9. We heard Ld. D.R. on this issue. We find merit in the prayer of the assessee, since it is supported by the decision rendered by Hon'ble High Court of Karnataka in the case of Totgars Co- operative Sale Society Ltd. Vs. ITO (2015) 58 taxmann.com 35 (Karn). Accordingly, we direct the A.O. to allow deduction of proportionate cost, administrative and other expenses, if the A.O. proposes to assess the interest income earned from bank deposits as income under the head "other sources"."
7. In the instant case, the assessee has earned both interest income and dividend income. In view of the decision rendered by the jurisdictional Hon'ble High Court of Karnataka, the assessee is entitled for deduction of proportionate cost, administrative and other expenses. Accordingly, we set aside the order passed by Ld CIT(A) on this issue and restore the same to the file of the AO with similar directions.

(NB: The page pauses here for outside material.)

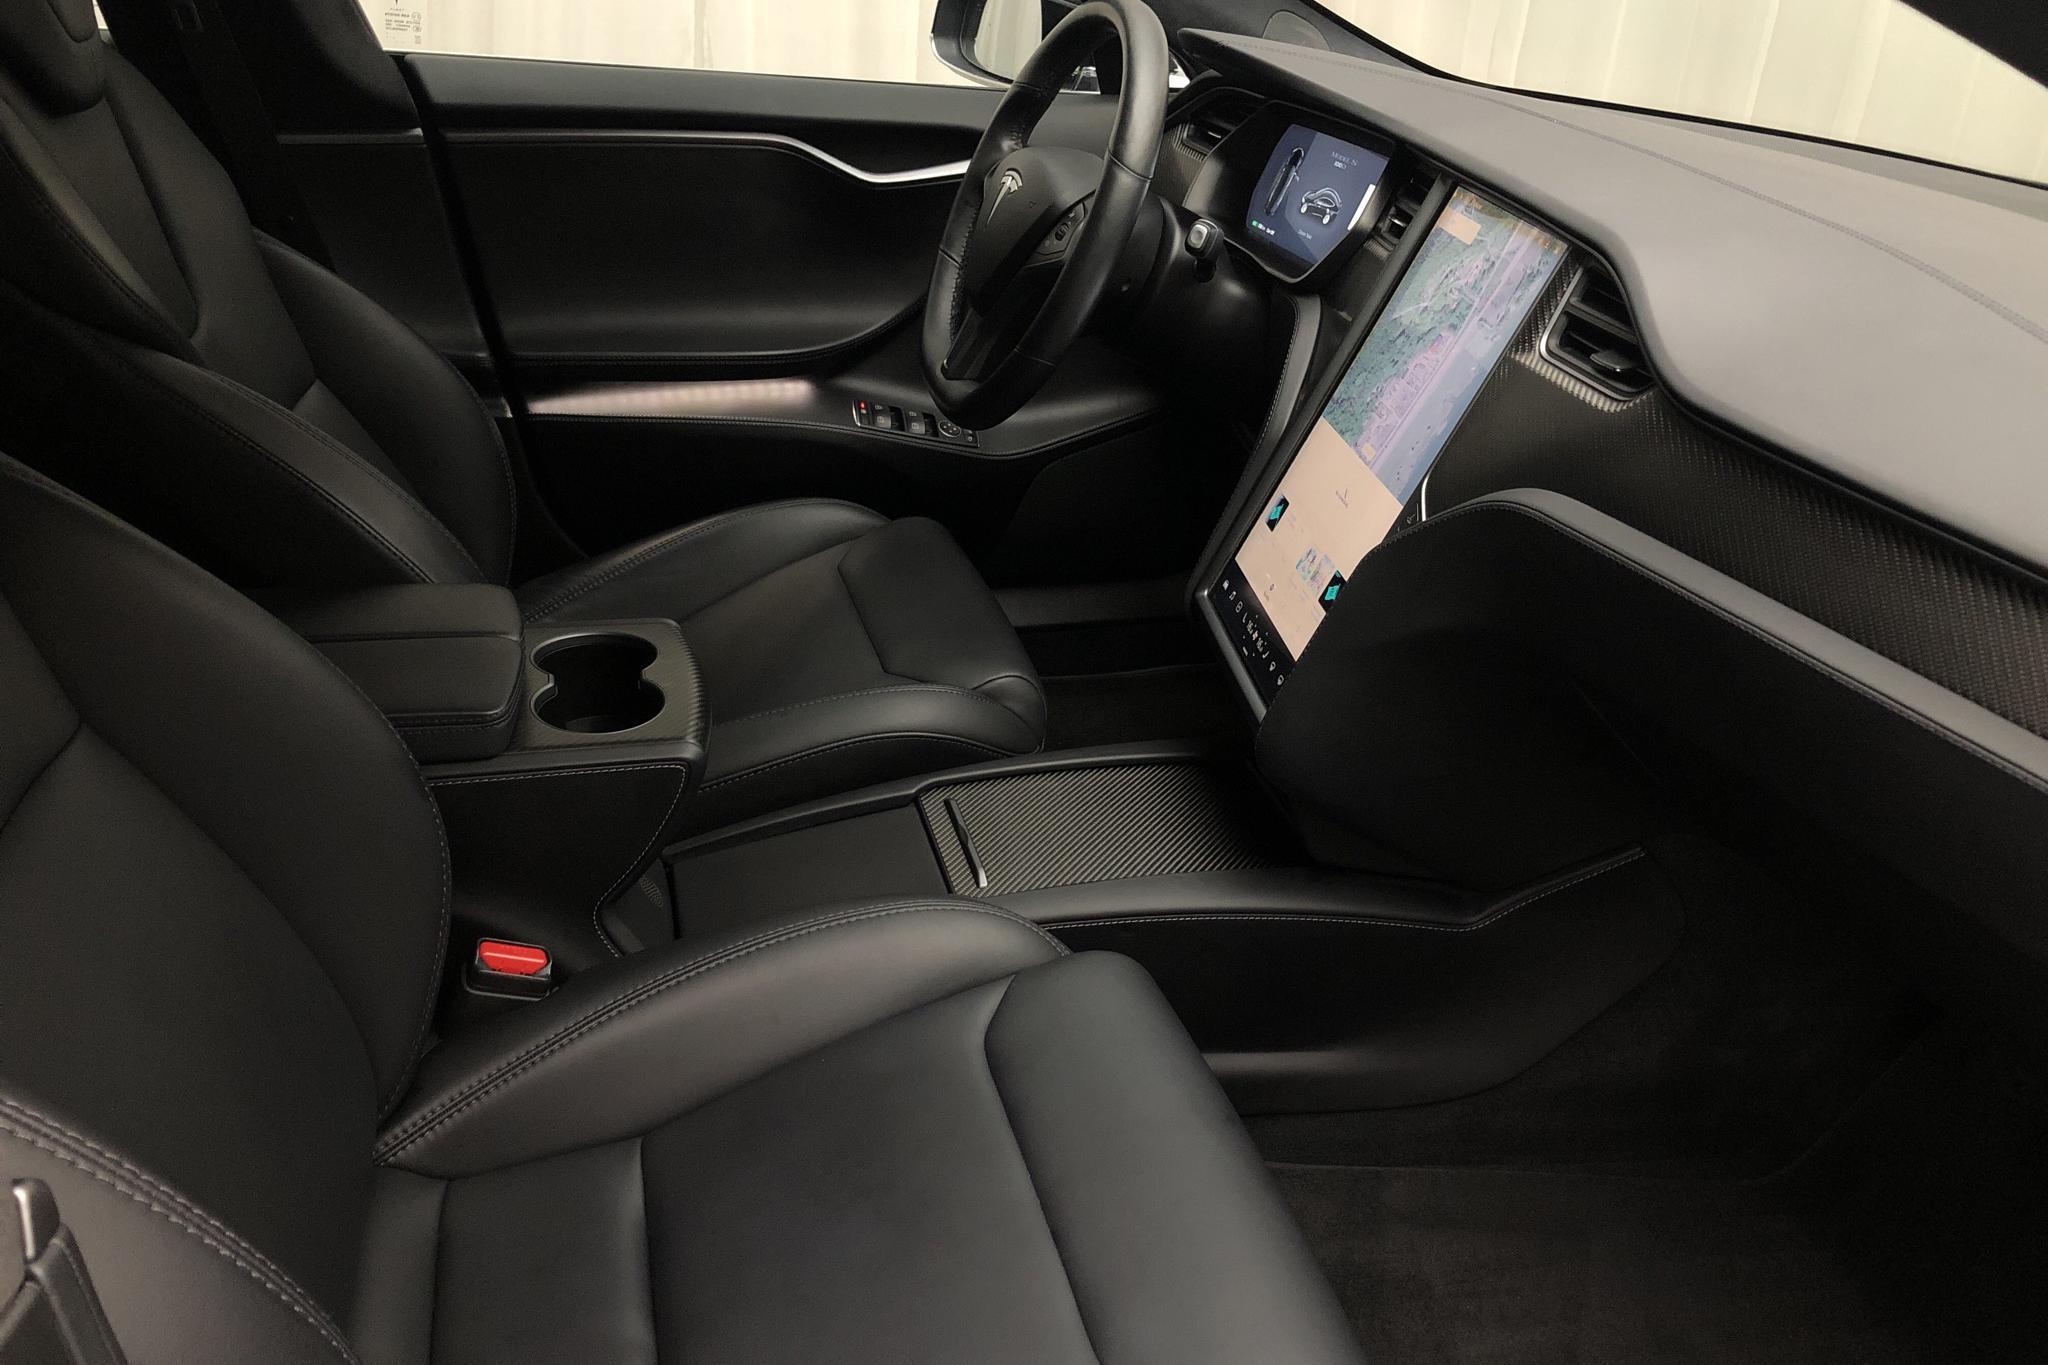 Tesla Model S 100D - 3 538 mil - Automat - svart - 2019

Following the aforesaid decision, I remit the question of quantum of disallowance of interest income to be decided by the AO afresh in the light of the directions by the Tribunal in the decision referred to above. The AO will afford opportunity of being heard to the Assessee and filing appropriate evidence, if desired, by the Assessee to substantiate its case, before deciding the issue in the set aside proceedings.
In the result, the appeal of the Assessee is treated as partly allowed for statistical purpose.